Although the Court allows for transfer of a case to Family Court "in the interest of justice," the Court declined to set forth any guidelines, limitations, or criteria that would allow such a transfer. Also, it is unclear whether the criminal court would have been successful if it had attempted transfer of this case to Family Court.

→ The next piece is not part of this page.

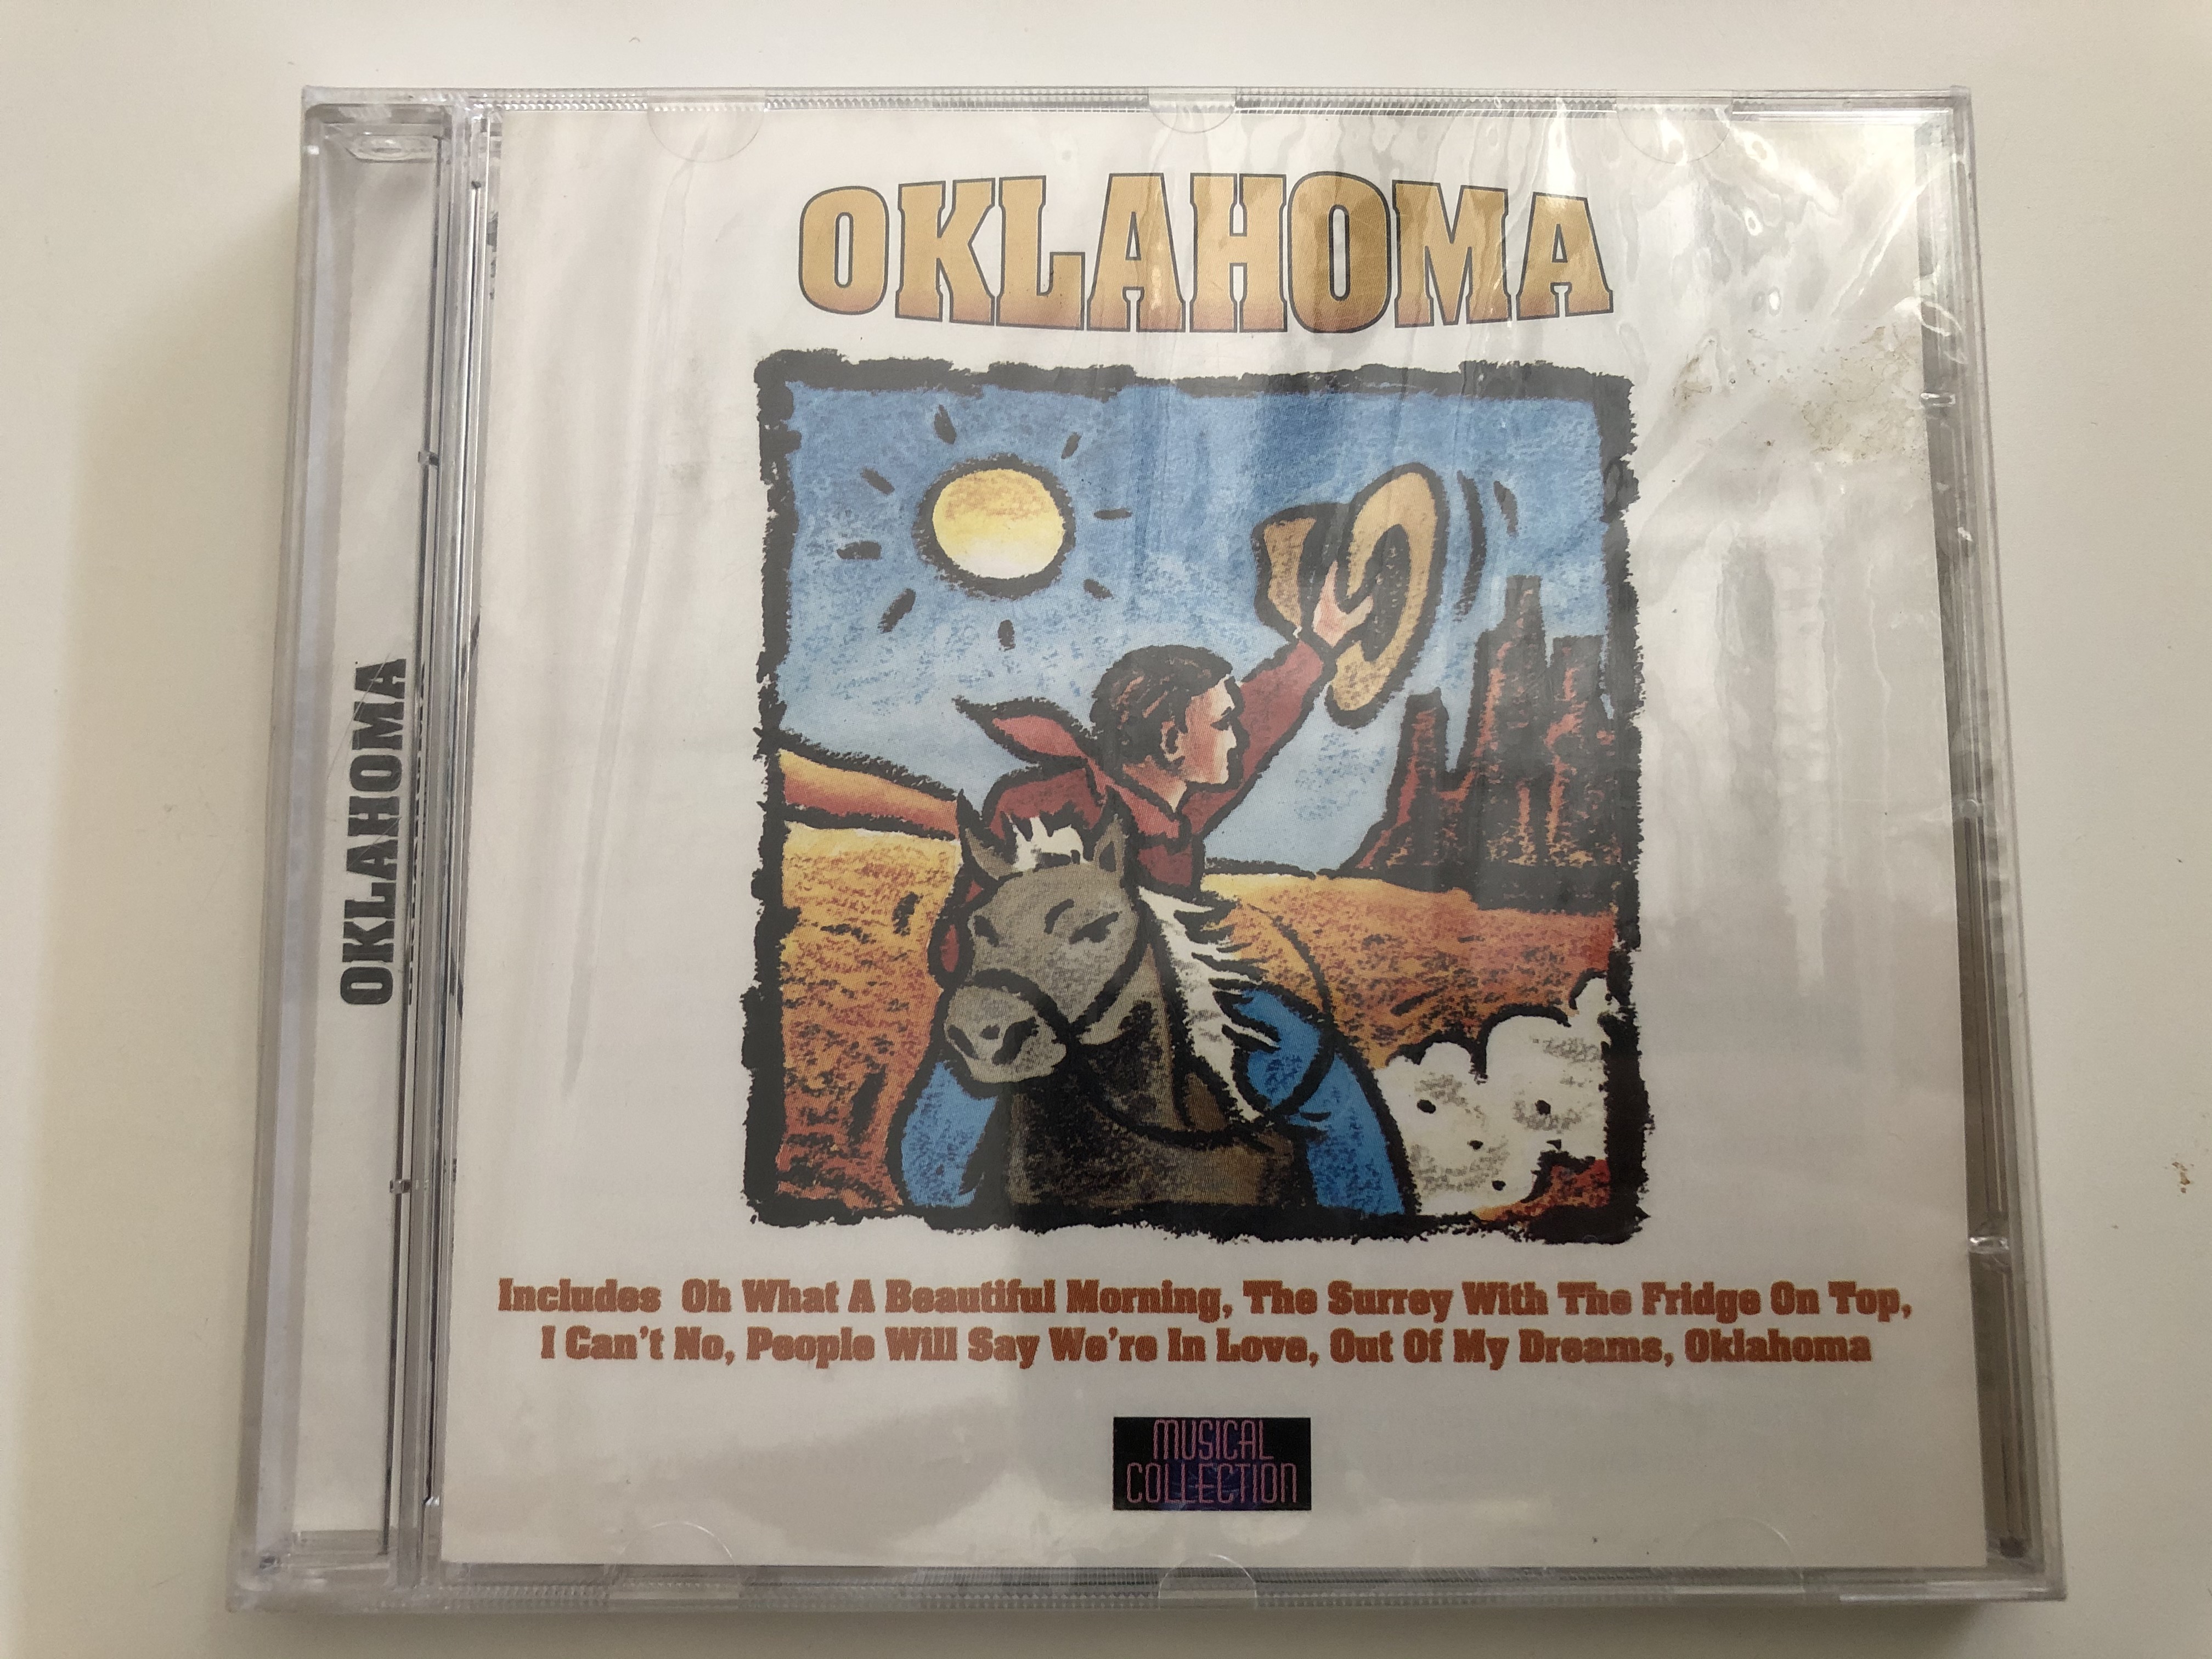 oklahoma-includes-oh-what-a-beautiful-morning-the-surrey-with-the-fridge-on-top-i-can-t-no-people-will-say-we-re-in-love-out-of-my-dreams-oklahoma-musical-collection-audio-cd-8811-2-1-.jpg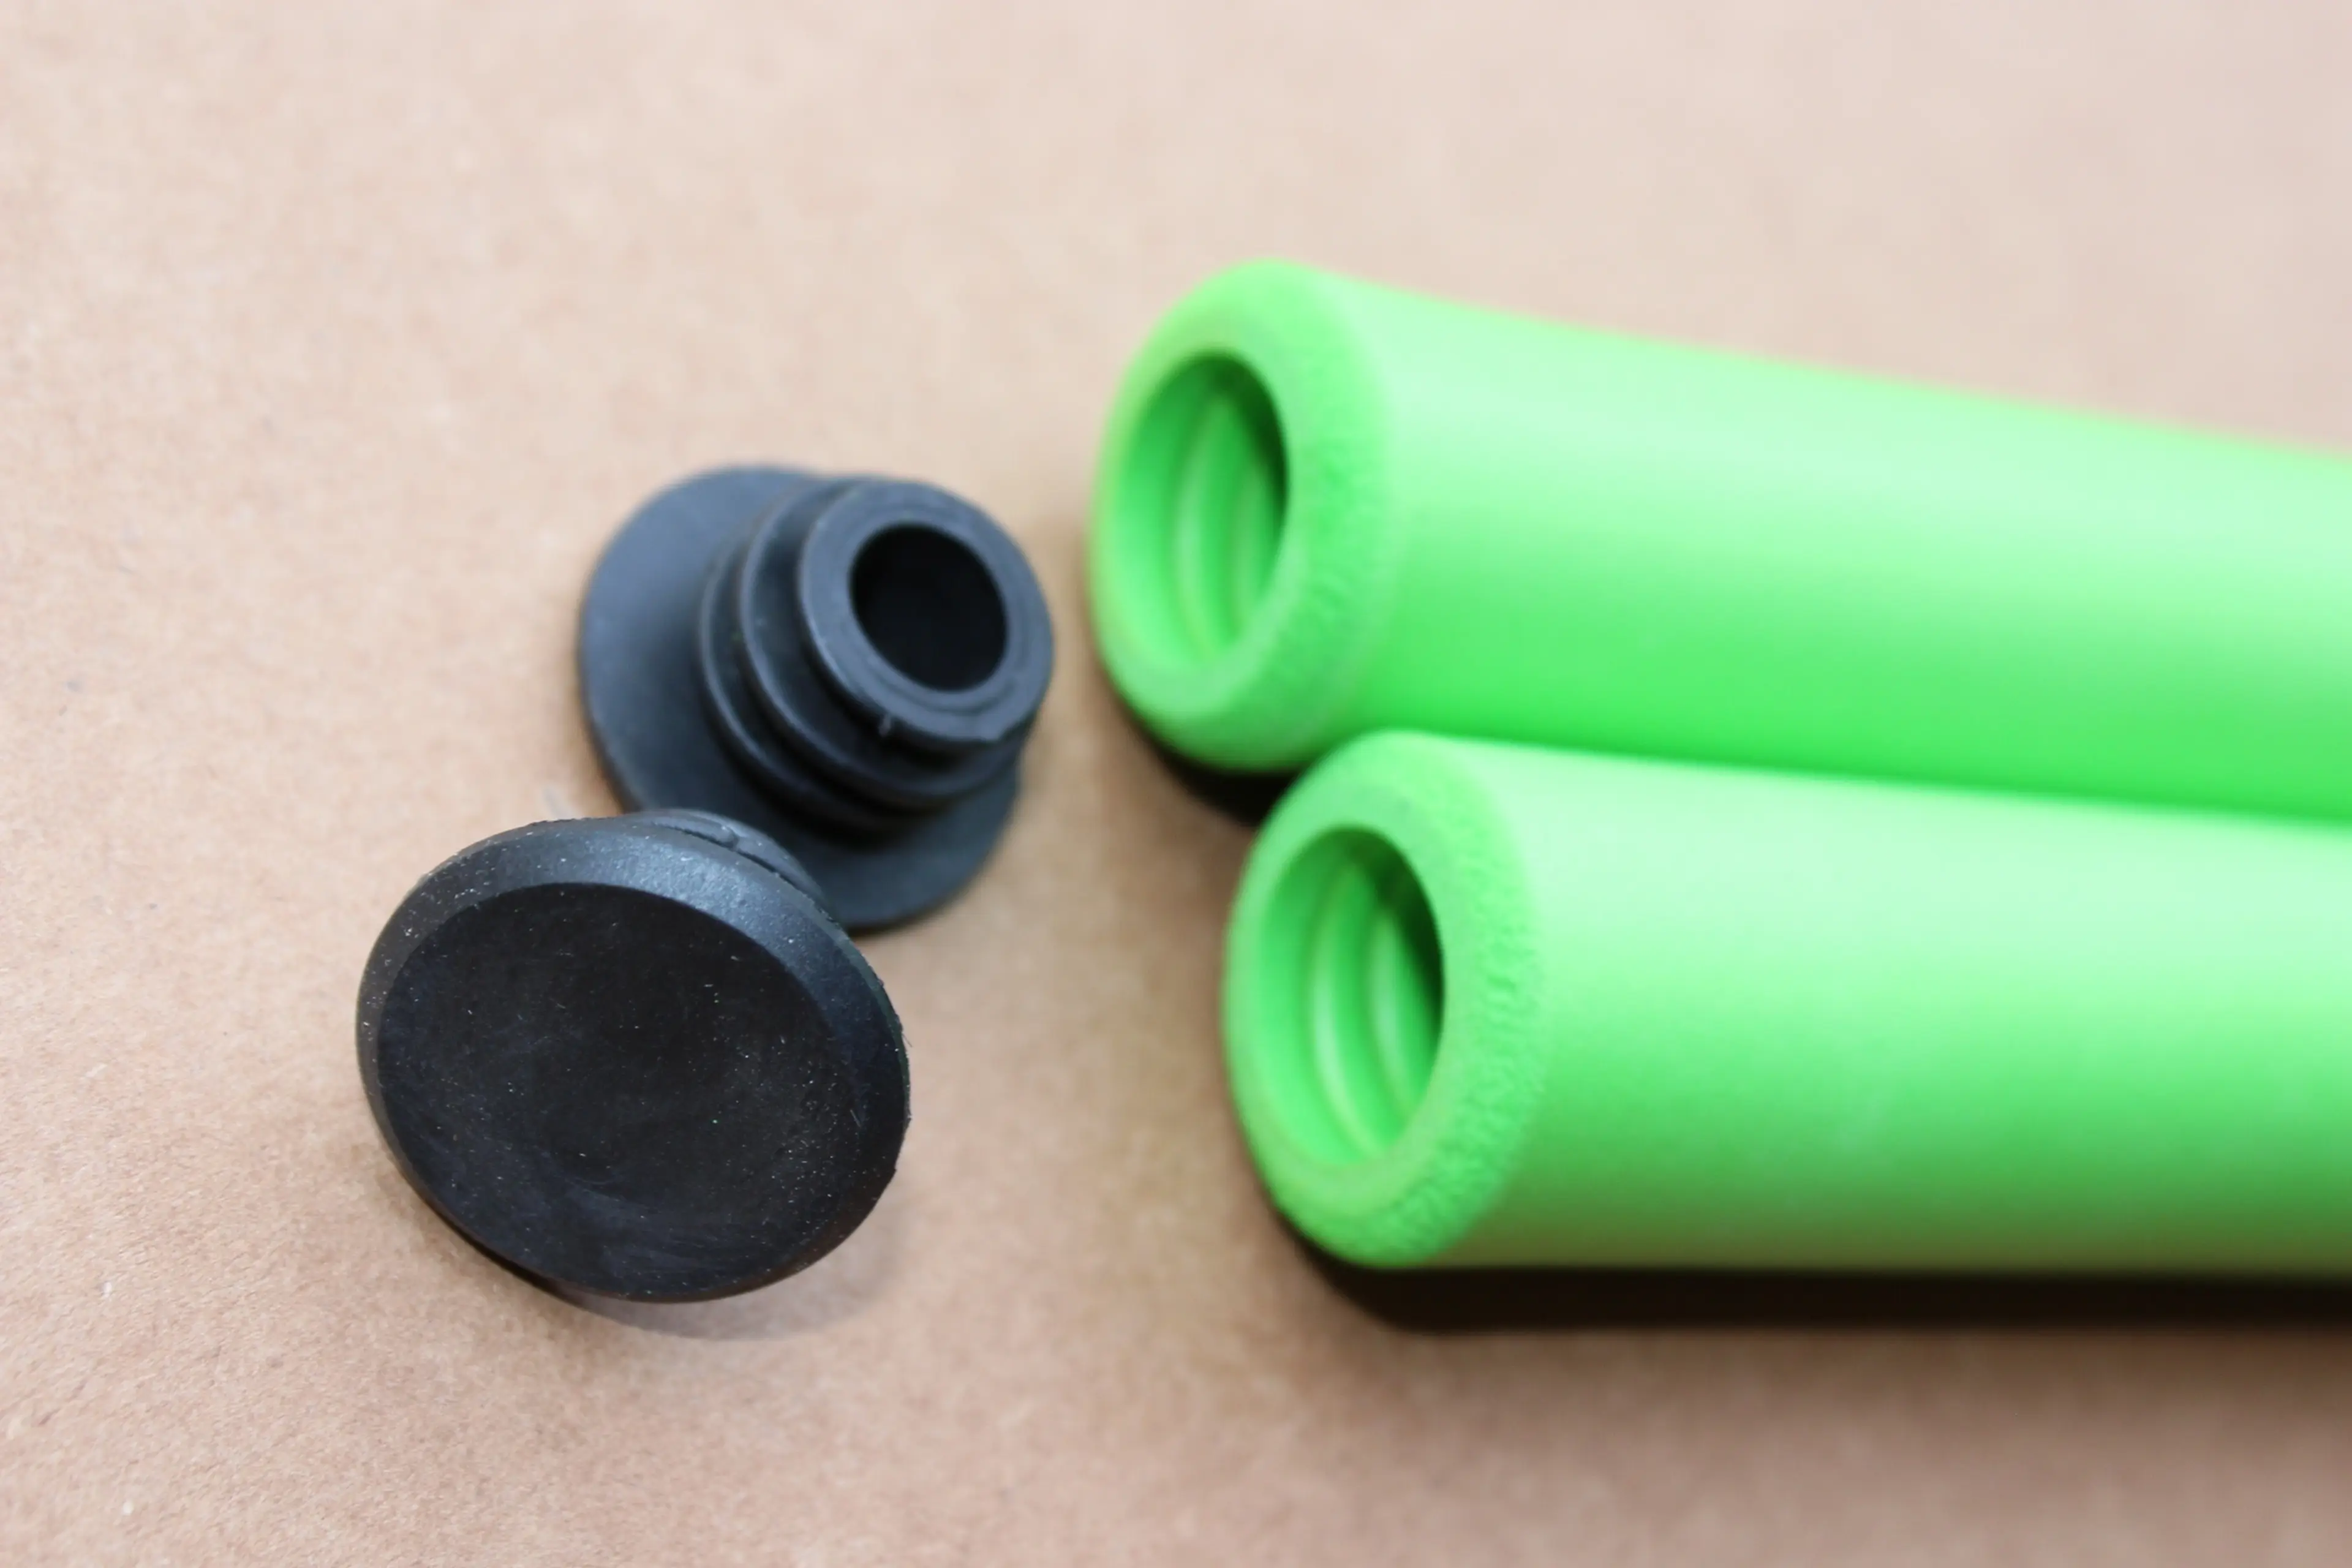 2. Silicone Racing Grips - verde

Survey of the Law in Other Jurisdictions

The state of New York has chosen to follow what is called a "legislative offense" exclusion in delineating certain offenses committed by juveniles over which the criminal court will have original jurisdiction as opposed to juvenile or family court. The criminal court can then choose, at its discretion, to transfer the case to juvenile court. Other states' practices fall into this same category or go one of two other possible routes: the judicial waiver or the prosecutorial waiver. State ex rel. A.L., 638 A.2d 814, 817-18 (N.J. Super. 1994).

In State v. Wilson, 409 A.2d 226 (Me.1979), the Maine Supreme Judicial Court ruled that the states are free to exclude or include offenses from the jurisdiction of the juvenile court. Similarly, in State v. Angel C., 715 A.2d 652 (Conn. 1998), the Connecticut Supreme Court ruled that a statute that vests jurisdiction in criminal court with a subsequent transfer to juvenile court is constitutionally valid. Vermont also follows this practice. State v. Buelow, 587 A.2d 948 (Vt. 1990) ruled that the court may transfer the proceeding to juvenile court at its discretion. All of these states therefore follow an offense exclusion approach that has been upheld by their courts.

The second possible route is the judicial waiver. In this system the juvenile court has original jurisdiction but may waive it so that the defendants are then tried in criminal court. This must be done following a hearing as laid out in Kent v. United States, 383 US 541 (1966), or else it will violate the defendant's constitutional rights. This system is used in Montana. See State v. Butler, 977 P.2d 1000 (Mont. 1999) (ruling that there must be a hearing prior to filing an information with the district court, id. at 1007). Similarly, Oklahoma uses the judicial waiver. In Sherfield v. State, 511 P.2d 598 (Okl. Cr. 1973), the Court of Criminal Appeals in Oklahoma ruled that this is properly used as long there was a valid hearing with confrontational opportunity (id. at 600).

The third route is the prosecutorial waiver, where the prosecution can decide to try the case in either a juvenile or a criminal court. Georgia's Supreme Court found this practice valid in Bishop v. State, 462 S.E.2d 716 (Ga. 1995), allowing the district attorney to decide whether to bring the case in criminal court.